Directions for this task: Could you retype exactly the lines below between the one holding "Water Bottle Mockup" and the one holding "Katalog Promo JSM", inclusive, leaving out any pictures?

Excerpted records:
§ §

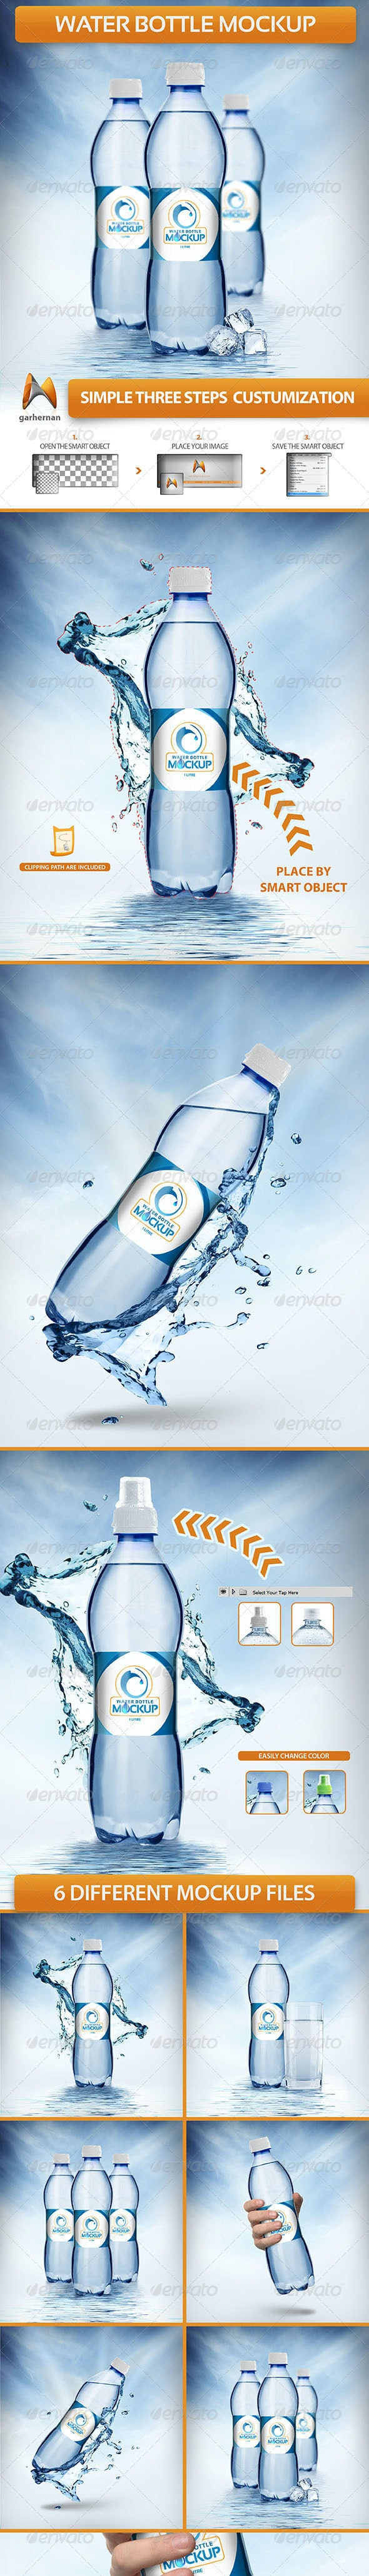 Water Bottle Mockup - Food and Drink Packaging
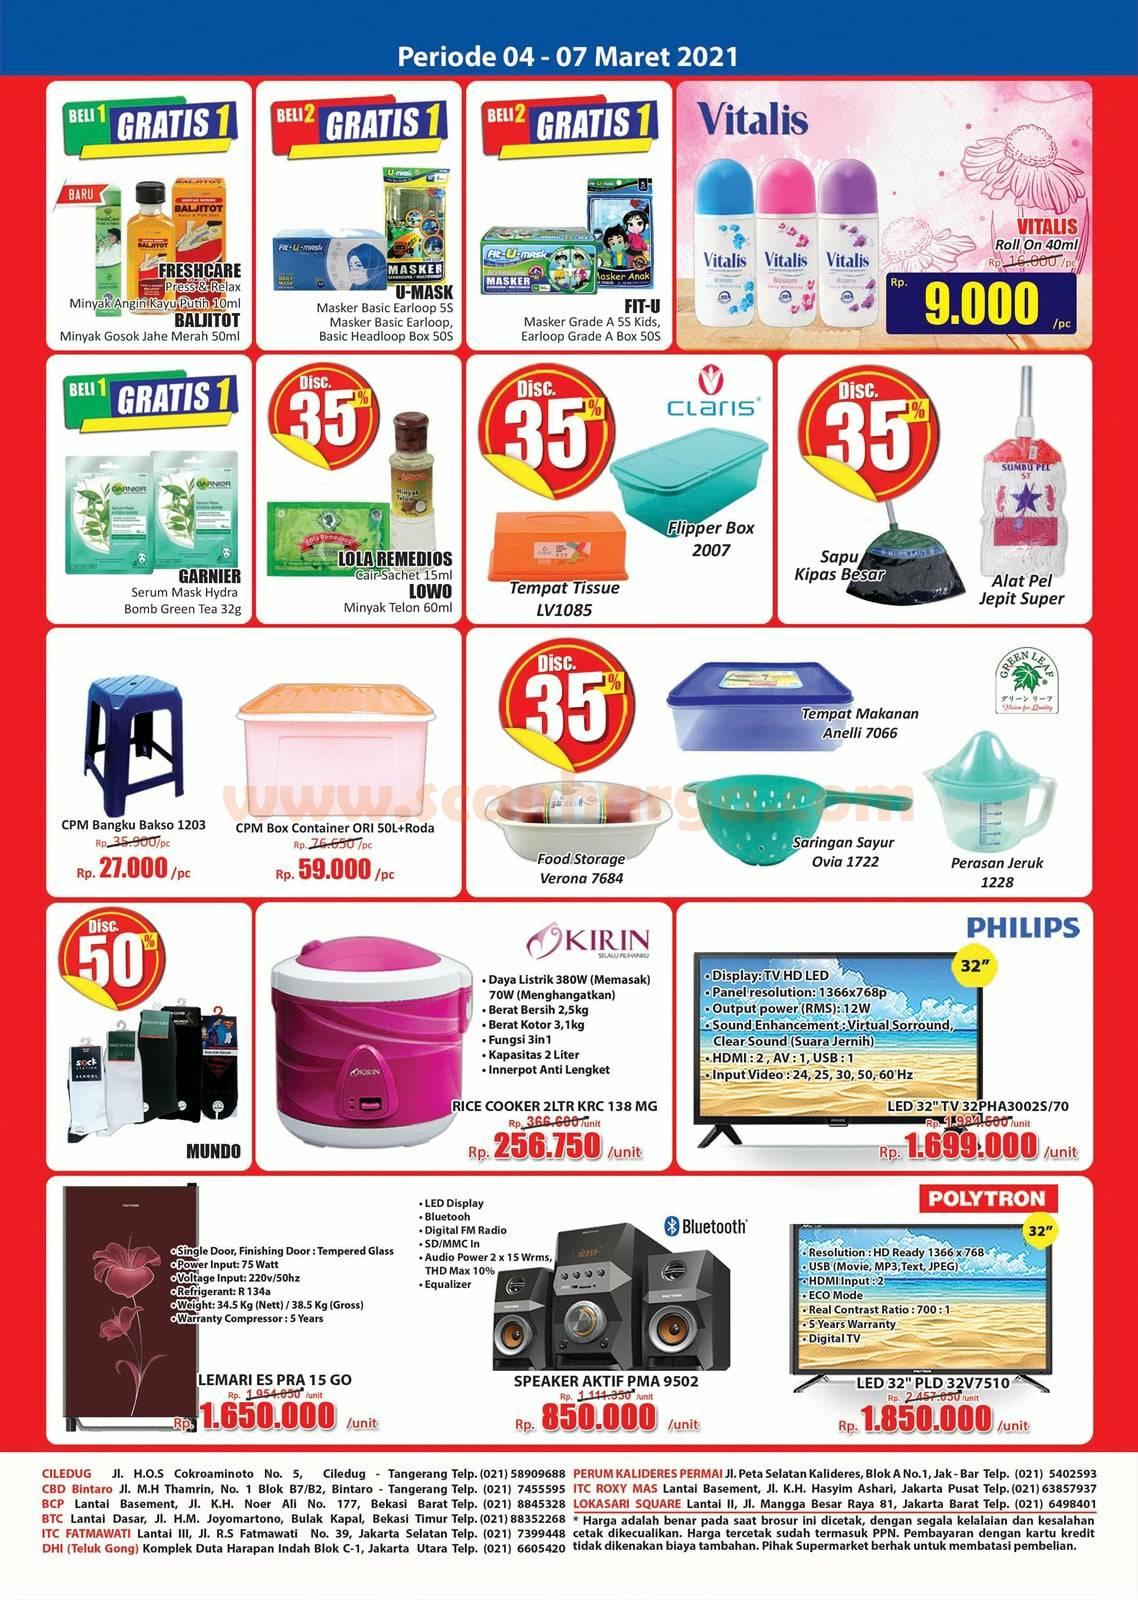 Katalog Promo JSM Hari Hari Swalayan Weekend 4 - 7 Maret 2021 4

§ §

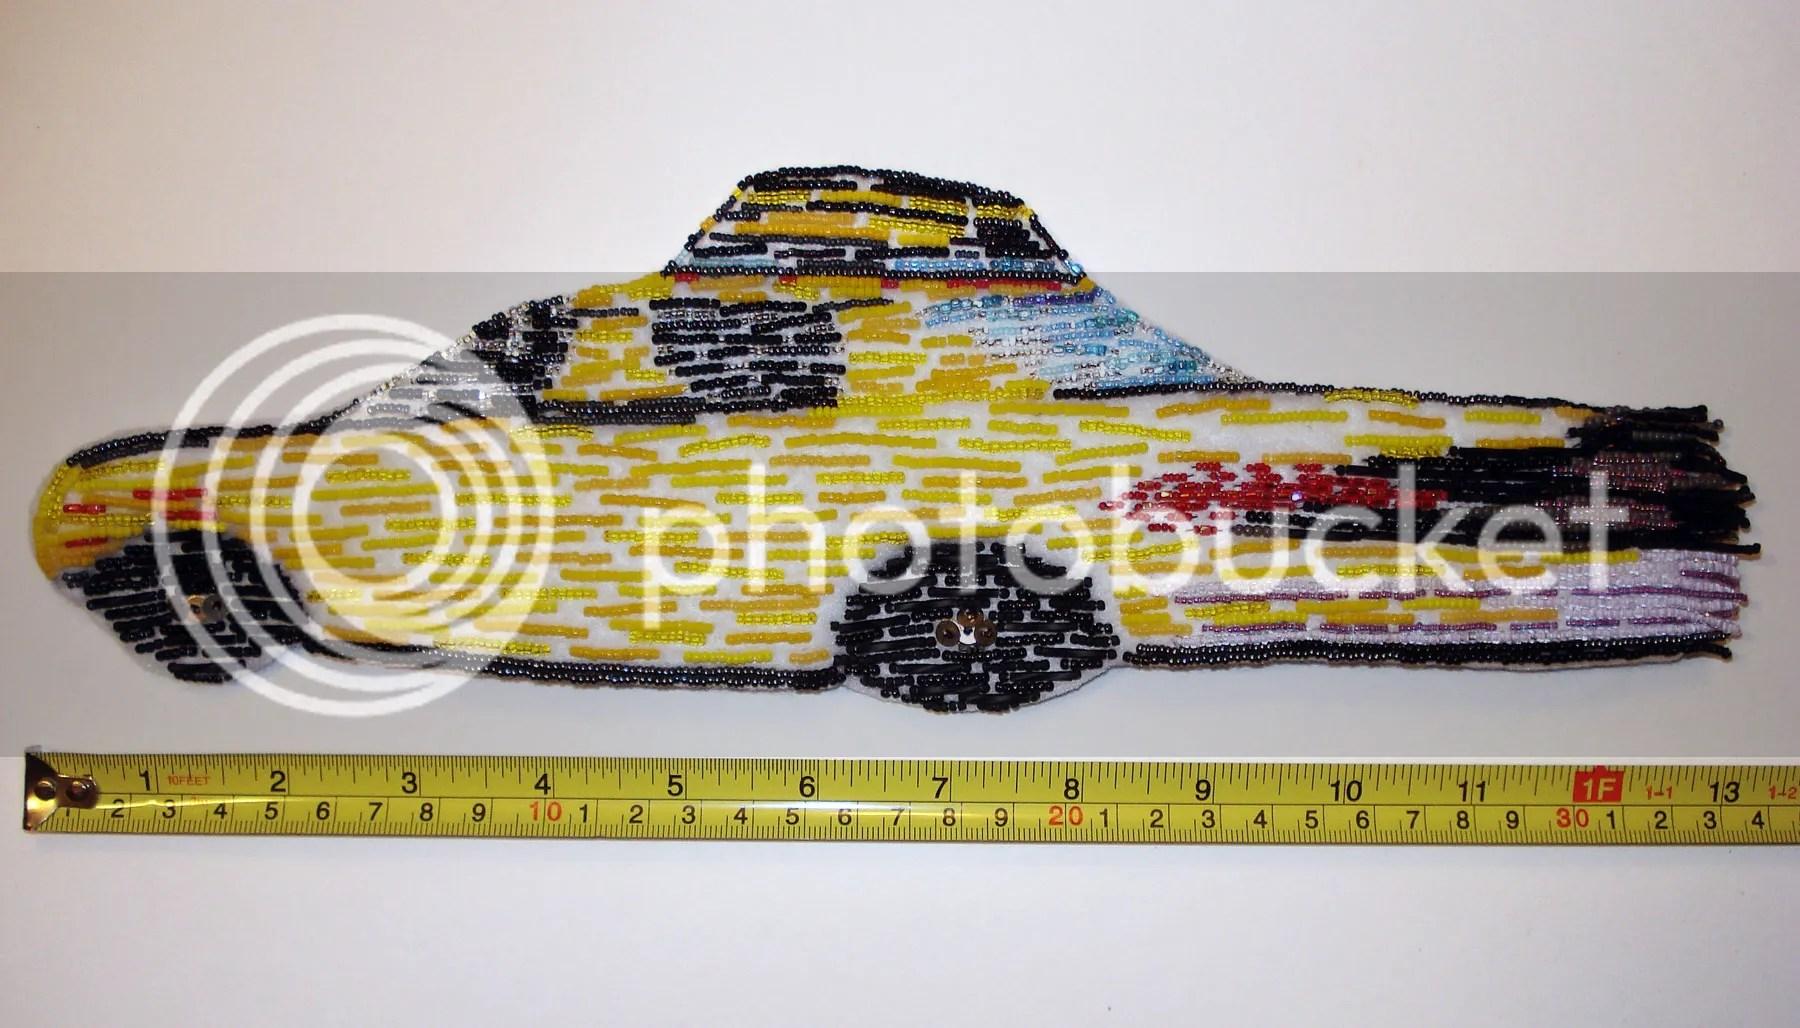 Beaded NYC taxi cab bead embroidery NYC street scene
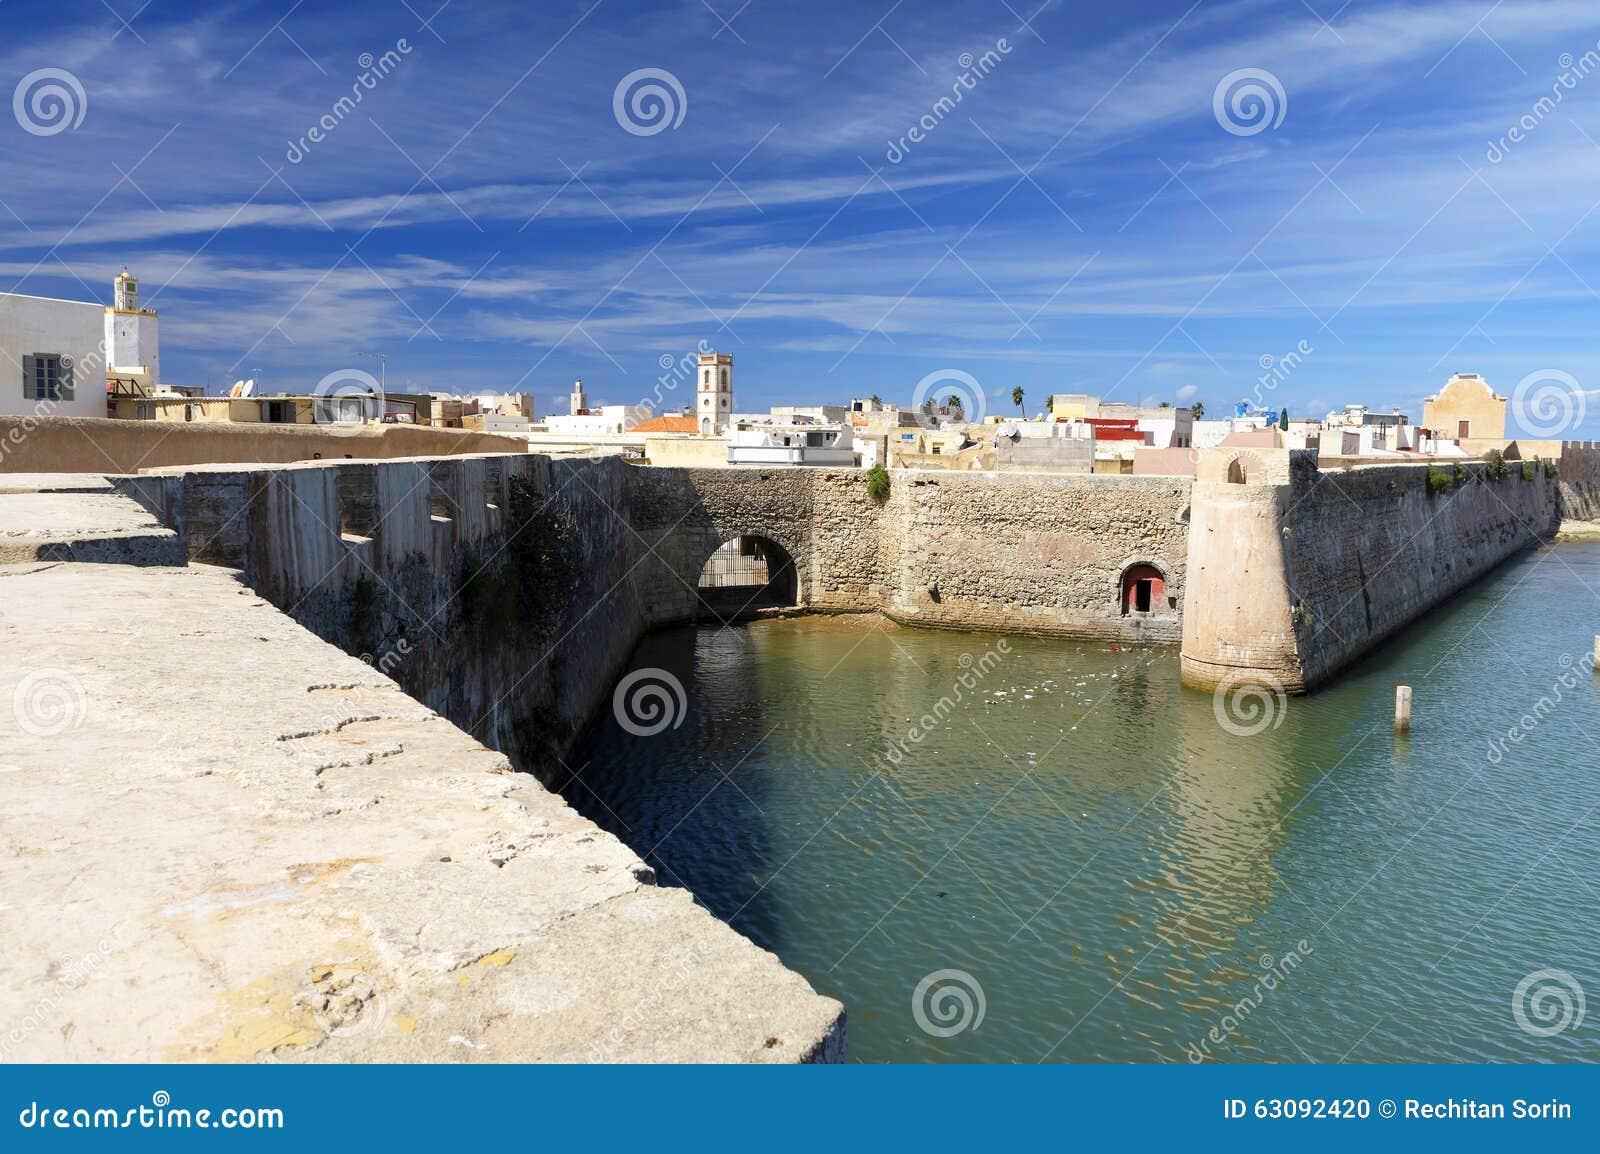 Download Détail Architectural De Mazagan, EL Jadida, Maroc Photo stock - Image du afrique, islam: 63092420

§ §

Solution for this exercise:
 Water Bottle Mockup - Food and Drink Packaging
 Katalog Promo JSM Hari Hari Swalayan Weekend 4 - 7 Maret 2021 4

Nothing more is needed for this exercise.